Therefore permanent alimony and maintenance under Section 25 of the Act cannot be passed if the substantive petition is once dismissed by the Court or withdrawn by the petitioner.
9. Therefore, if we read Section 24 and Section 25 of the Act conjointly it would be evident that there are different stages when the Court can direct payment of maintenance. Section 24 empowers the Court to direct payment of maintenance during the pendency of the proceeding and Section 25 empowers the Court to direct payment of maintenance either at the time of passing the decree or at any time subsequent thereto. In my view, different and distinct stages have been intended by the Legislature for application of the aforesaid provisions of the Act. Let me now deal with Section 26 of the Act which deals with custody of children.
Section 26 reads as follows :
Custody of children : In any proceeding under this Act, the Court may, from time to time, pass such interim orders and make such provisions in the decree as it may deem just and proper with respect to the custody, maintenance and education of minor children, consistently with their wishes, wherever possible, and may, after the decree, upon application by petition for the purpose, make from time to time, all such orders and provisions with respect to the custody, maintenance and education of such children as might have been made by such decree or interim orders in case the proceedings for obtaining such decree were still pending, and the Court may also from time to time revoke, suspend or vary any such order and provision previously made.
10. From plain reading of Section 26 of the Act it is evident that this section applies to a proceeding under the Act whether it is a petition for a decree or for an order or any other claim and it confers on the Court exercising jurisdiction under any provision of the Act to make provisions in respect of (1) custody, (2) maintenance, (3) education of children.
11. Again from a plain reading of Section 26 of the Act it appears to me that under Section 26 of the Act, the Court can make the following types of orders :
(1) Interim orders during the pendency of the proceedings.
(2) Provisions included in the decree when passed.
(3) Orders passed after the date of the decree.
(4) Orders revoking, suspending or varying any of the preceding three orders and provisions.
12. Therefore, from a careful analysis of the aforesaid provisions under Section 26 of the Act, there are certain stages of action that may be taken by the Court under Section 26 of the Act.
The first stage is :
(1) at any time before finally passing a decree the Court can pass interim orders relating to custody, maintenance and education of children.
(2) in the decree the Court can make provision for the custody, maintenance and education of children.

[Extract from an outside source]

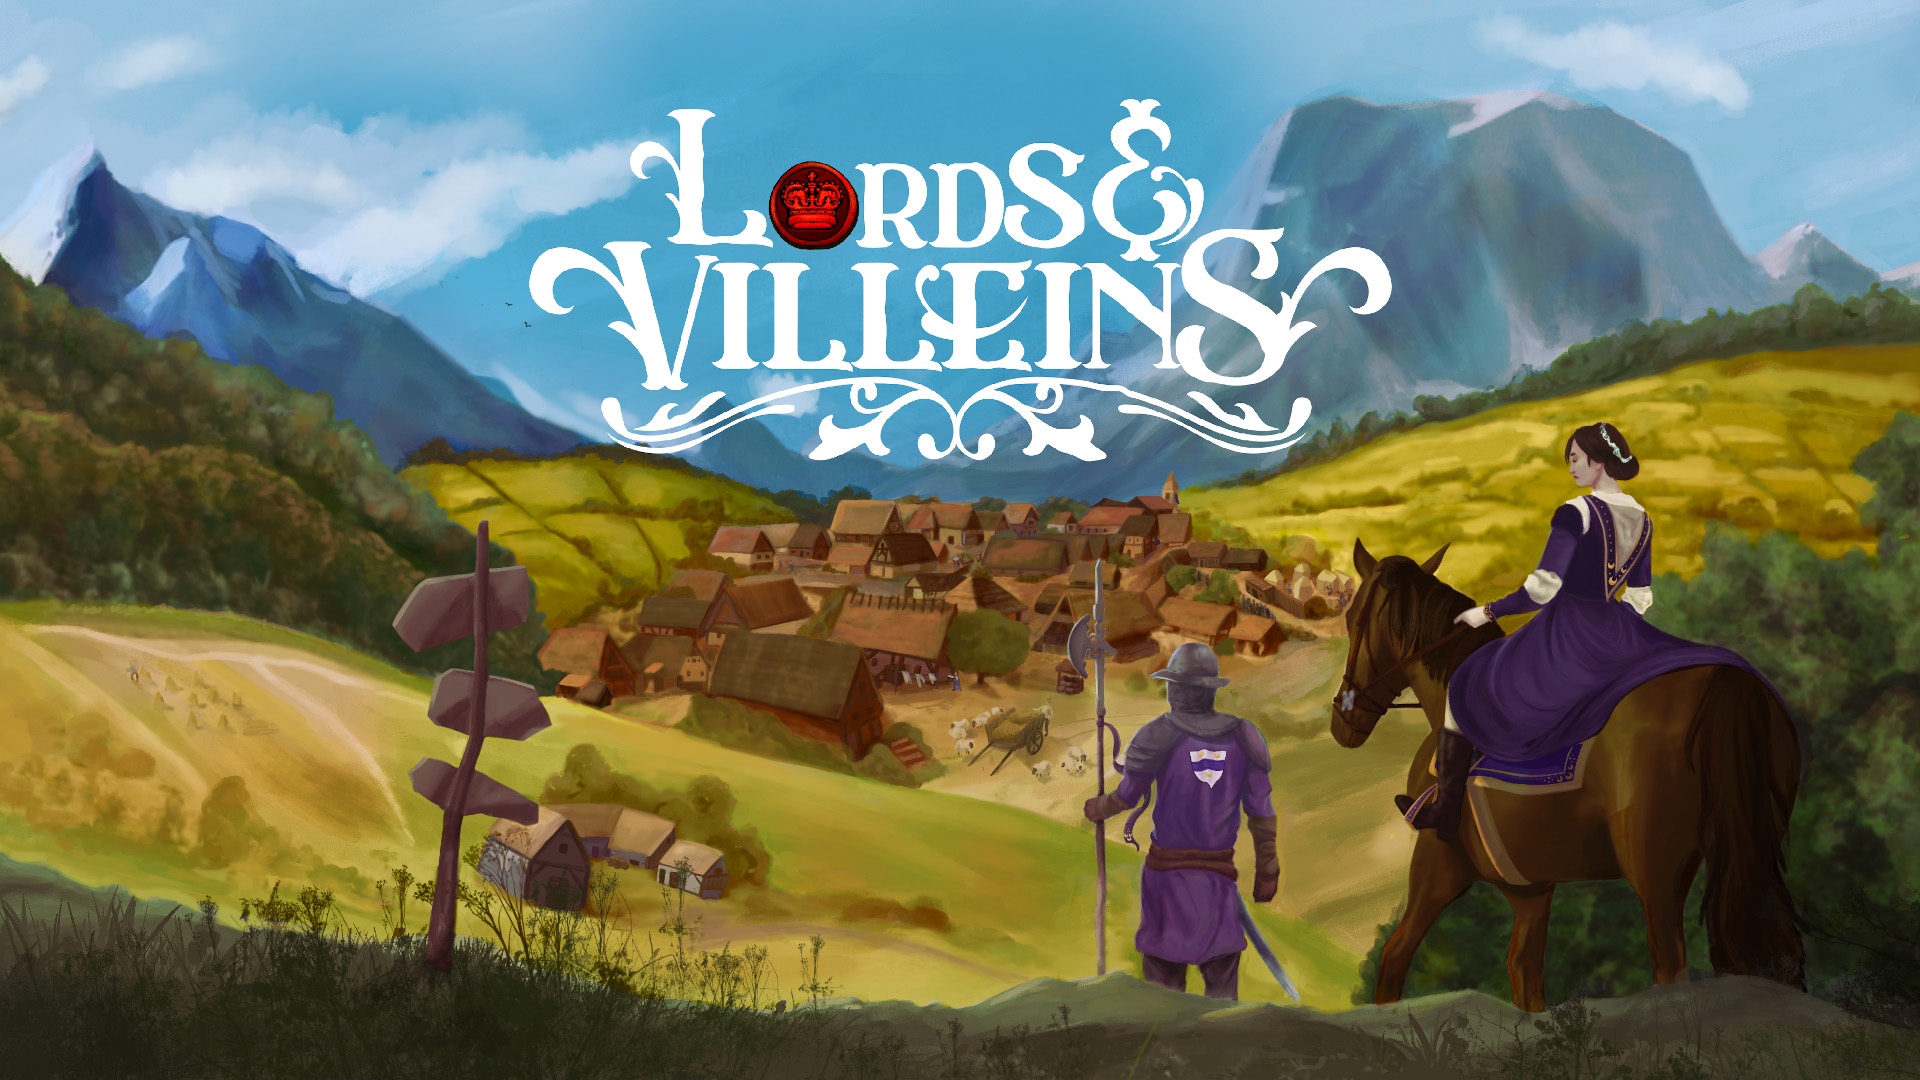 Game image - LORDS AND VILLEINS
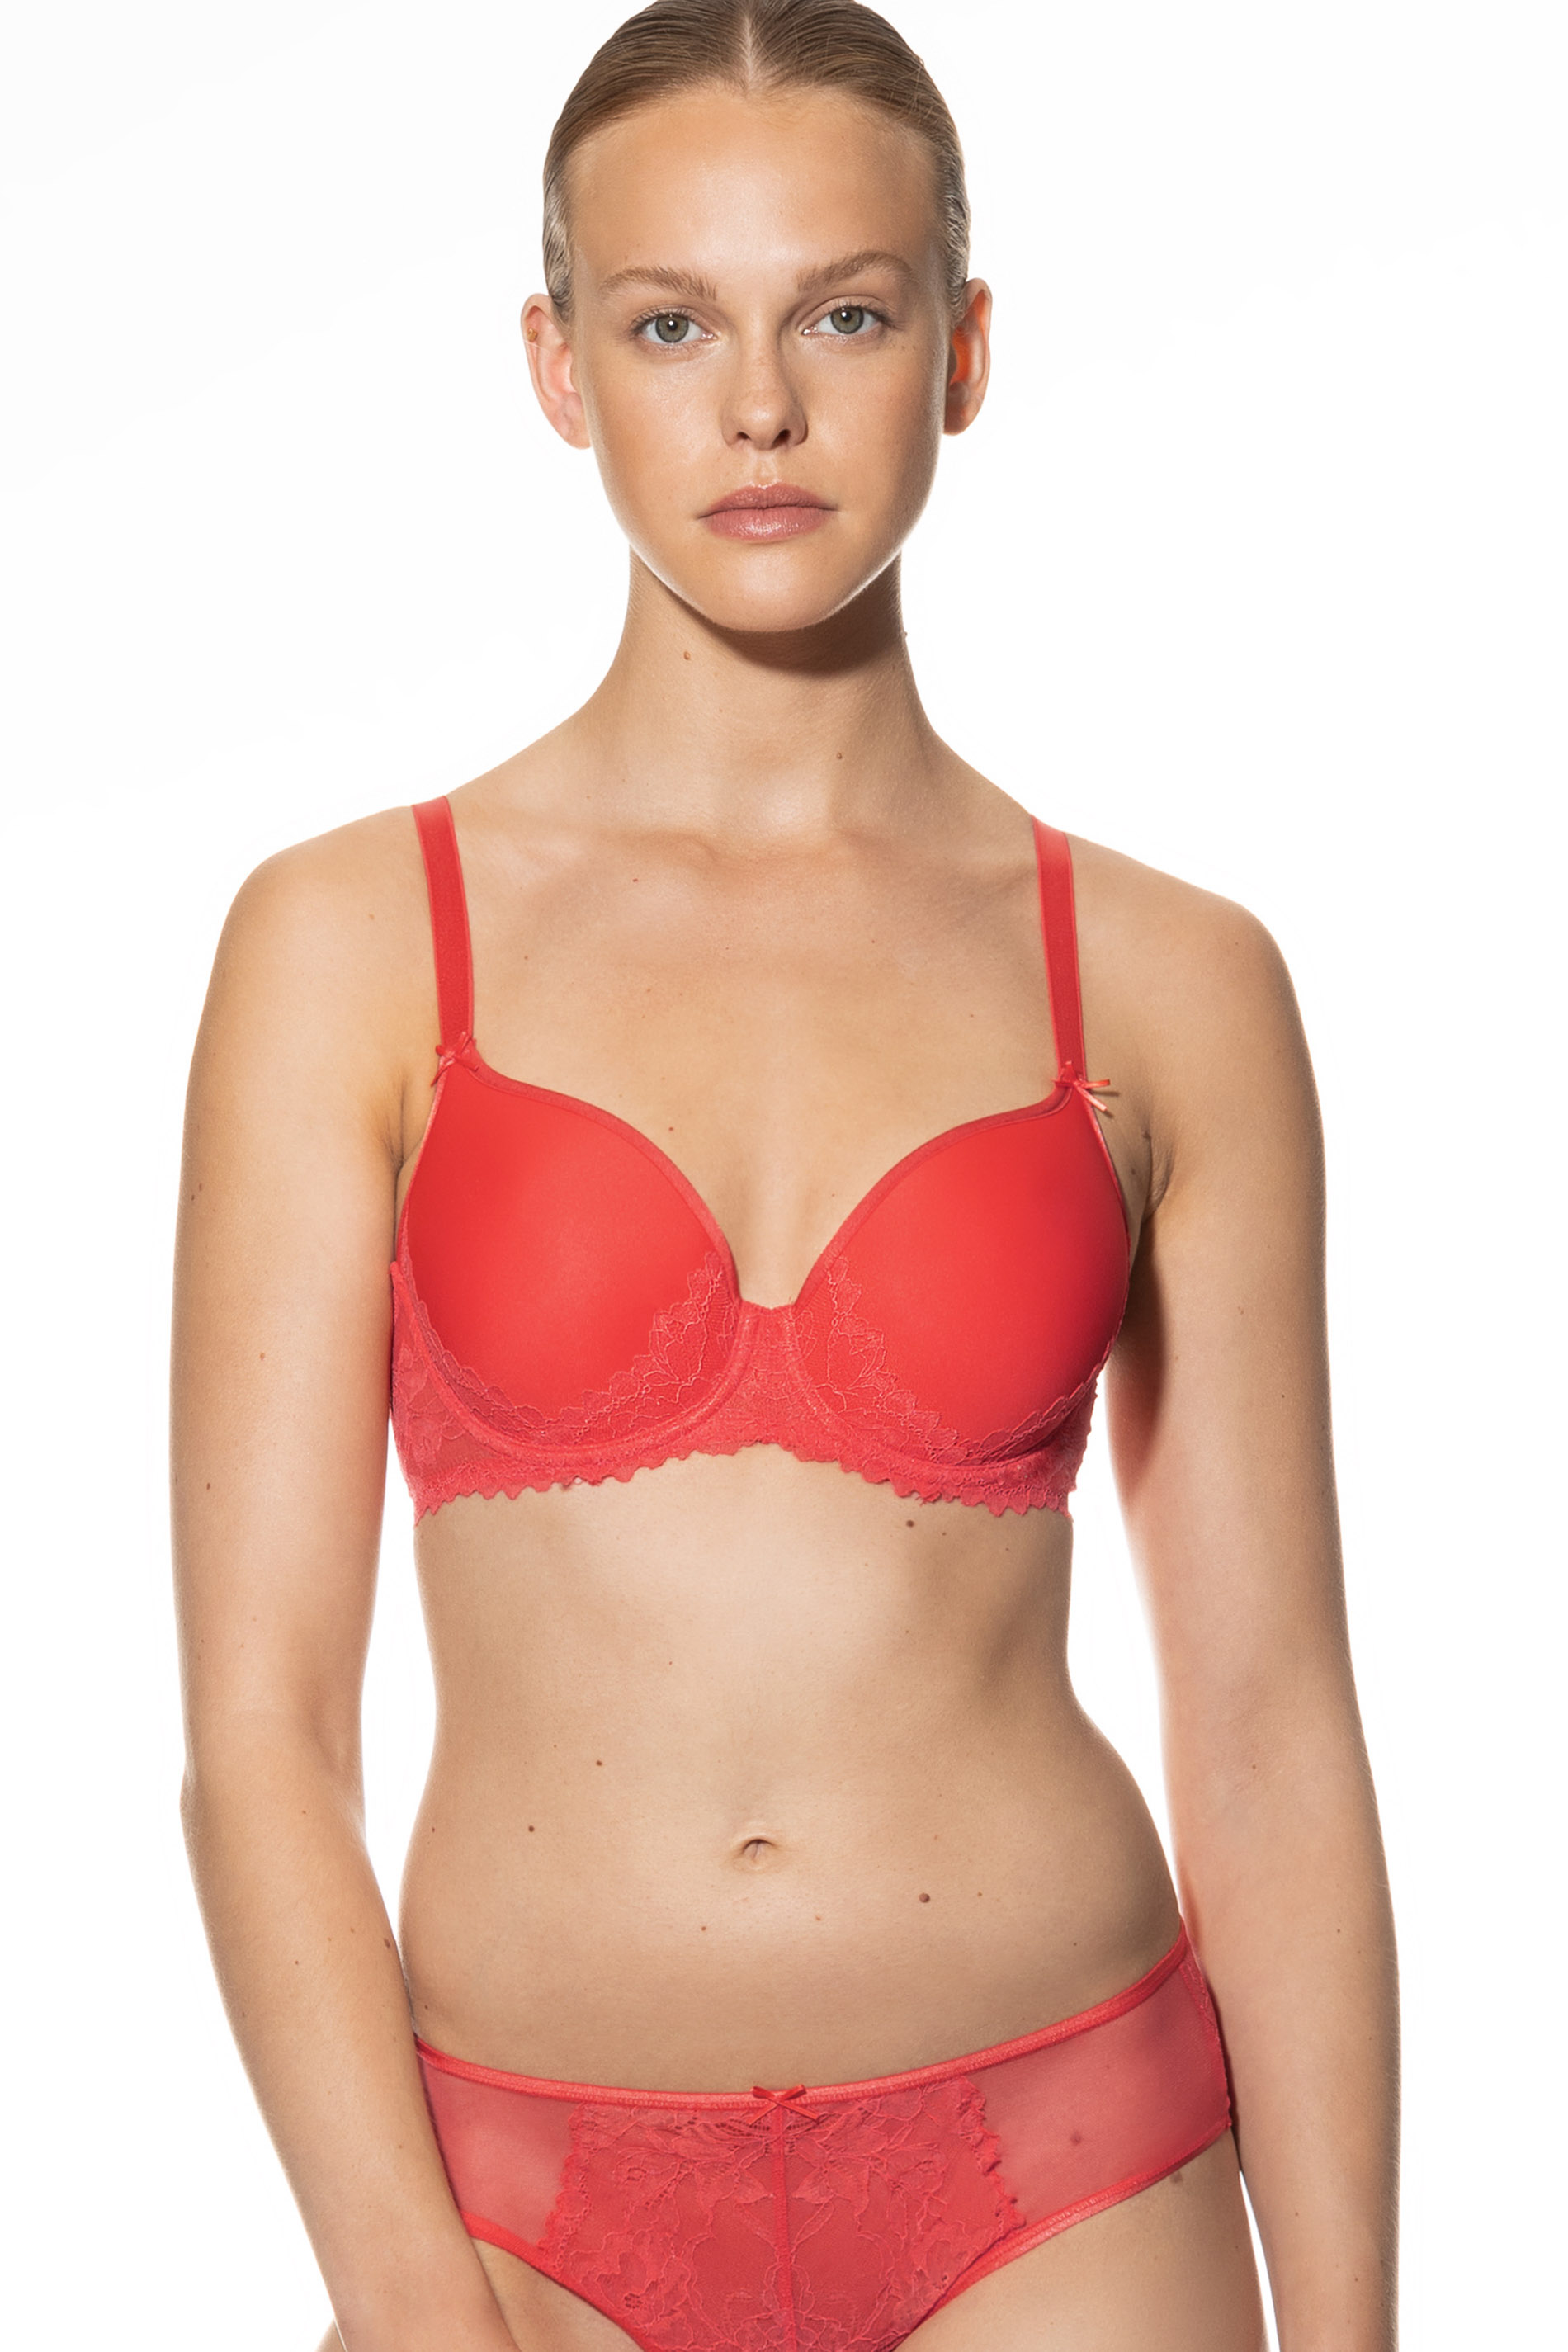 Spacer bra | Full Cup Serie Fabulous Front View | mey®

(3) Even after a decree is passed an application may be made to the Court by way of petition for making orders for custody, maintenance and education of children. Therefore, under Section 26 passing of a decree in the main proceeding does not terminate the Court’s jurisdiction to pass certain orders in respect of custody, maintenance and education of children. Accordingly, in my view, the intention of the legislature relating to Section 26 is explicit as it provides power on the Court to pass orders even after the decree is passed whereas.
Section 24 clearly contemplates payment of maintenance and expenses of proceedings during the pendency of that proceeding. It means that the maintenance pendente lite and expenses of proceedings can be ordered during the proceedings not after that.
13. From the discussions made hereinabove it appears to me that the Legislature has specifically conferred powers on the Court under Sections 25 and 26 of the Act to pass orders of maintenance after the decision is made or at the time of passing the decree but in the case of Section 24 of the Act no such specific power has been conferred on the Court by the Legislature intentionally.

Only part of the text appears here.